:: GIVEN INFORMATION ::
+ + + +

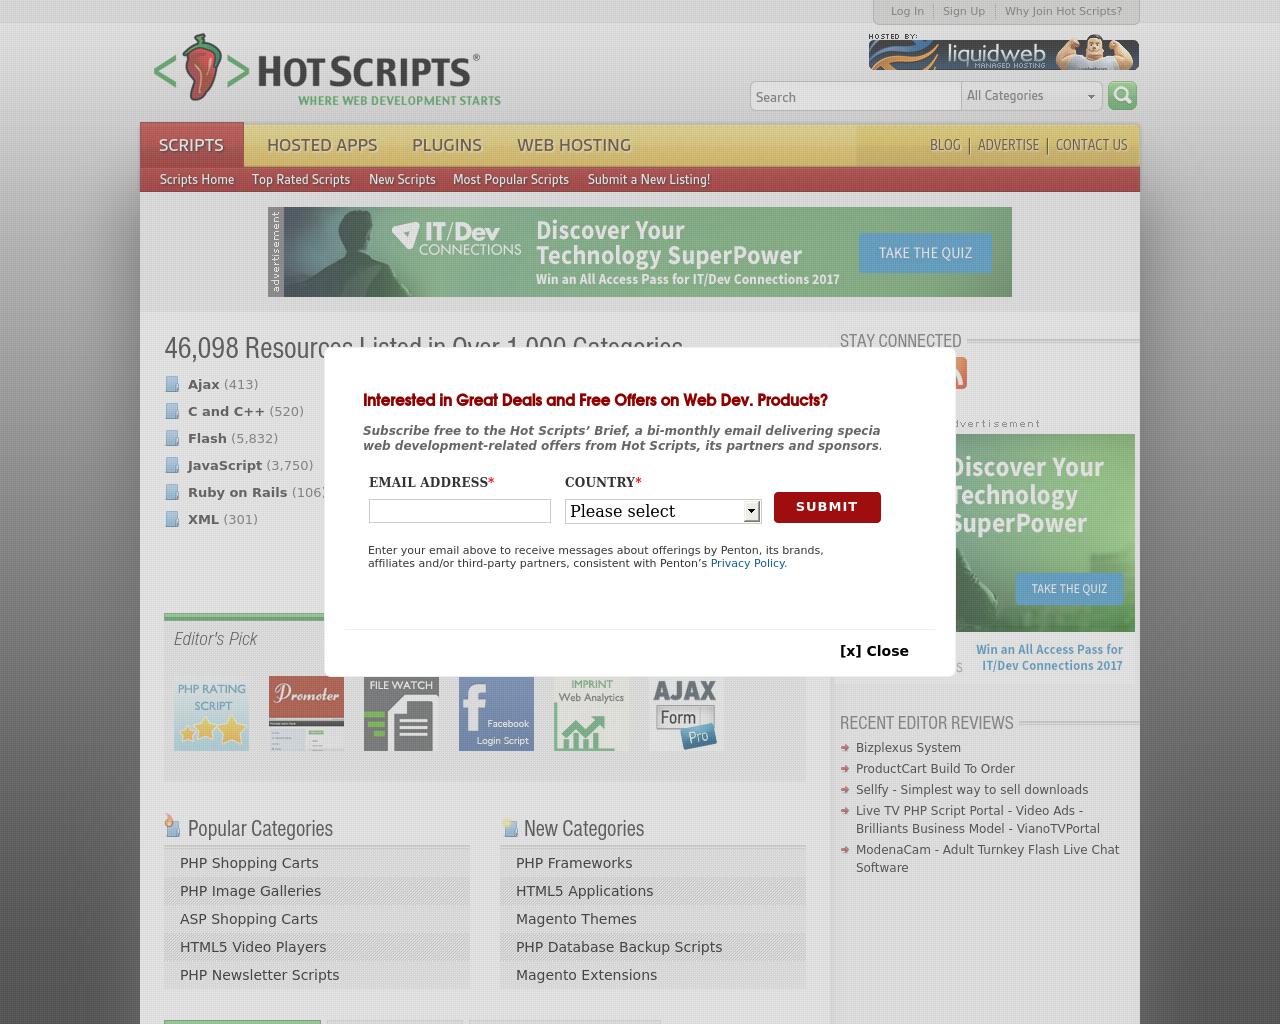 HotScripts-Advertising-Reviews-Pricing
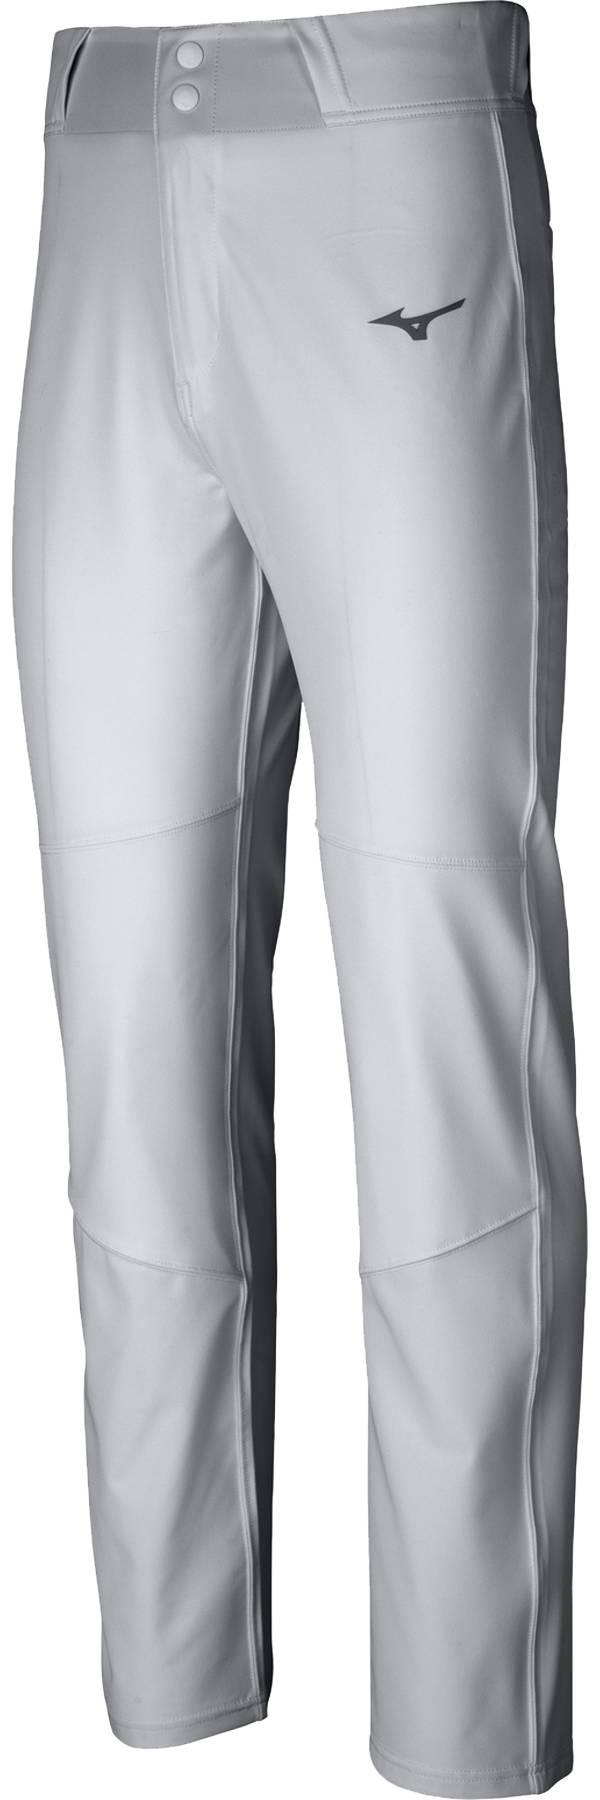 Mizuno Men's Pro Woven Baseball Pants product image
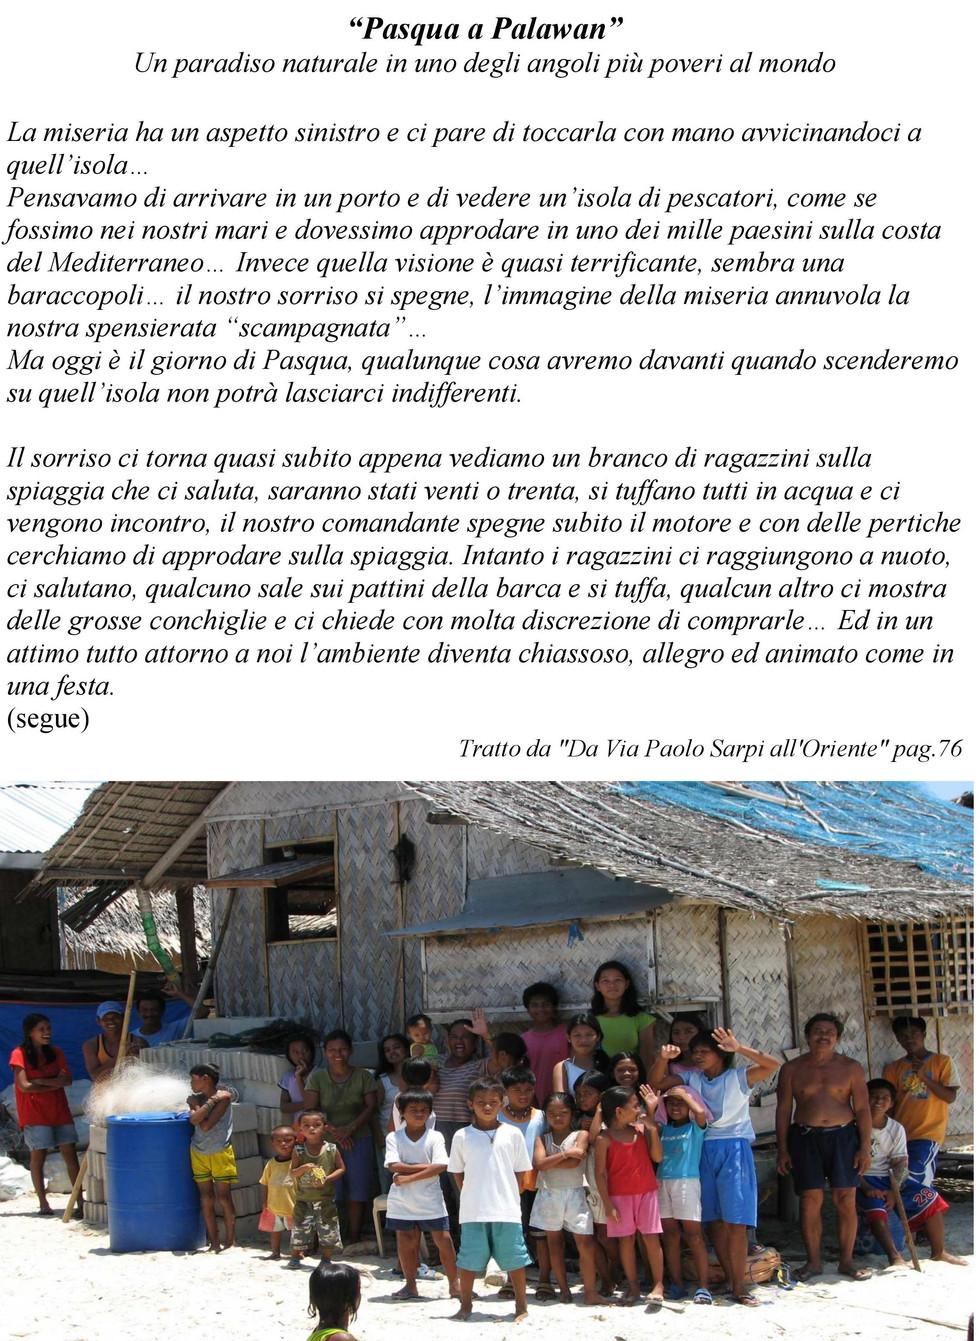 6 Poster Pasqua a Palawan.jpg
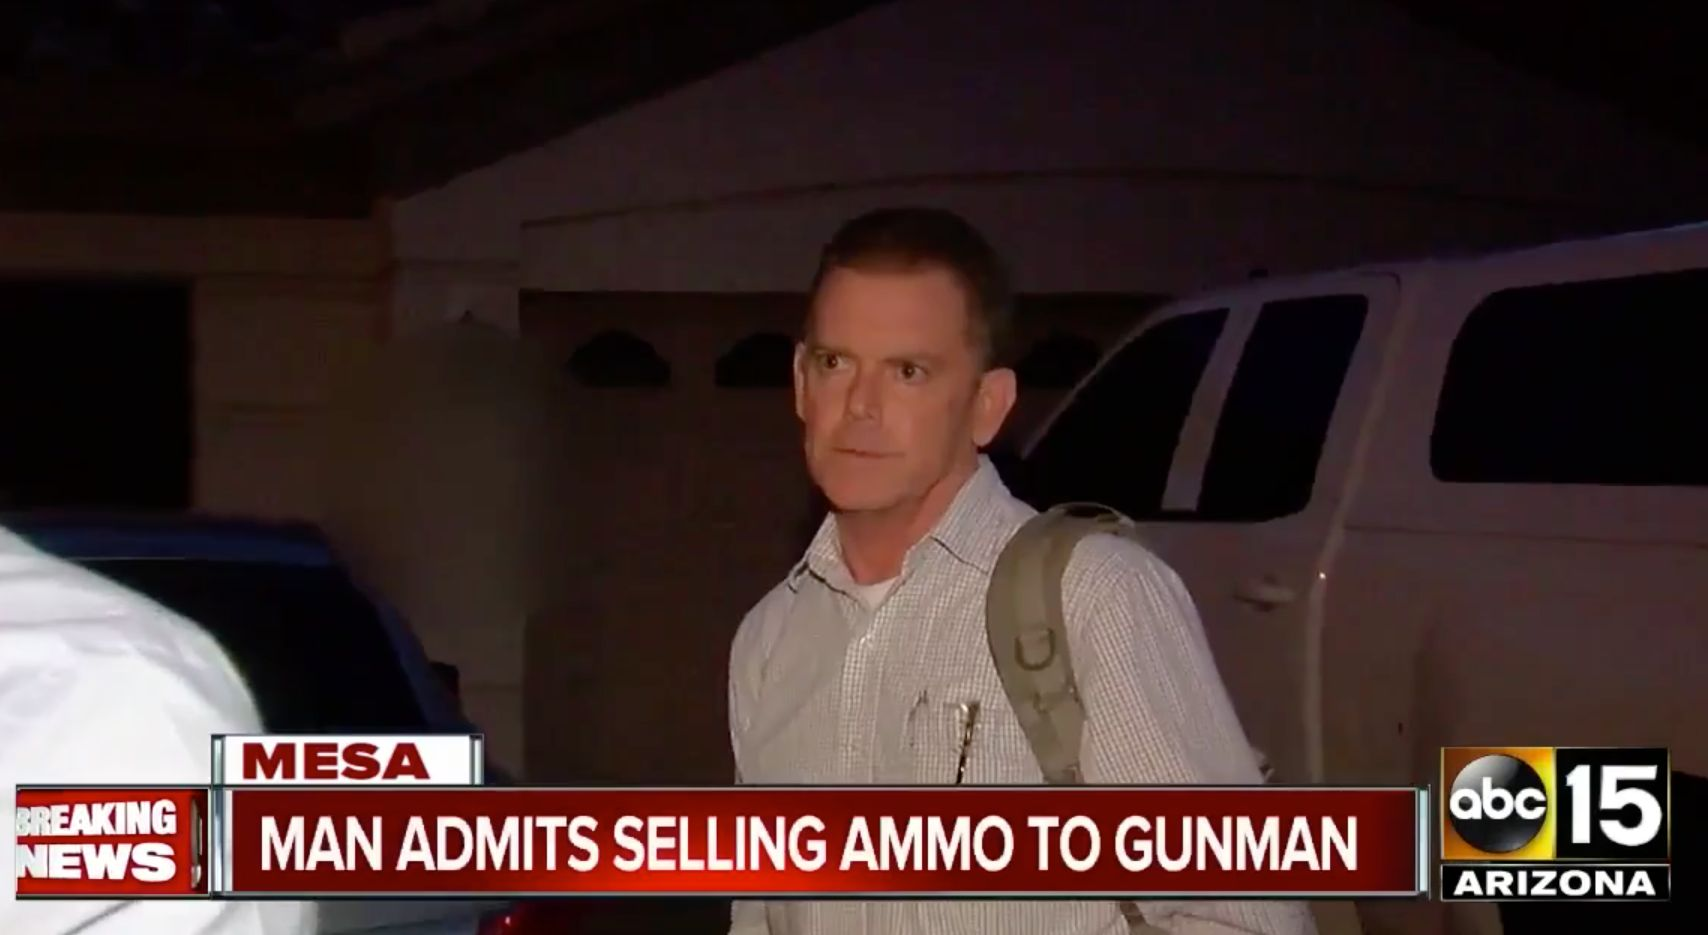 Arizona man confirms selling ammo to Las Vegas shooter

+ + + +

The data above, line by line: transcribe it exactly and drop the pictures.

:: RESPONSE AREA ::
 HotScripts-Advertising-Reviews-Pricing
 Mizuno Men's Pro Woven Baseball Pants product image
 6 Poster Pasqua a Palawan.jpg
 Arizona man confirms selling ammo to Las Vegas shooter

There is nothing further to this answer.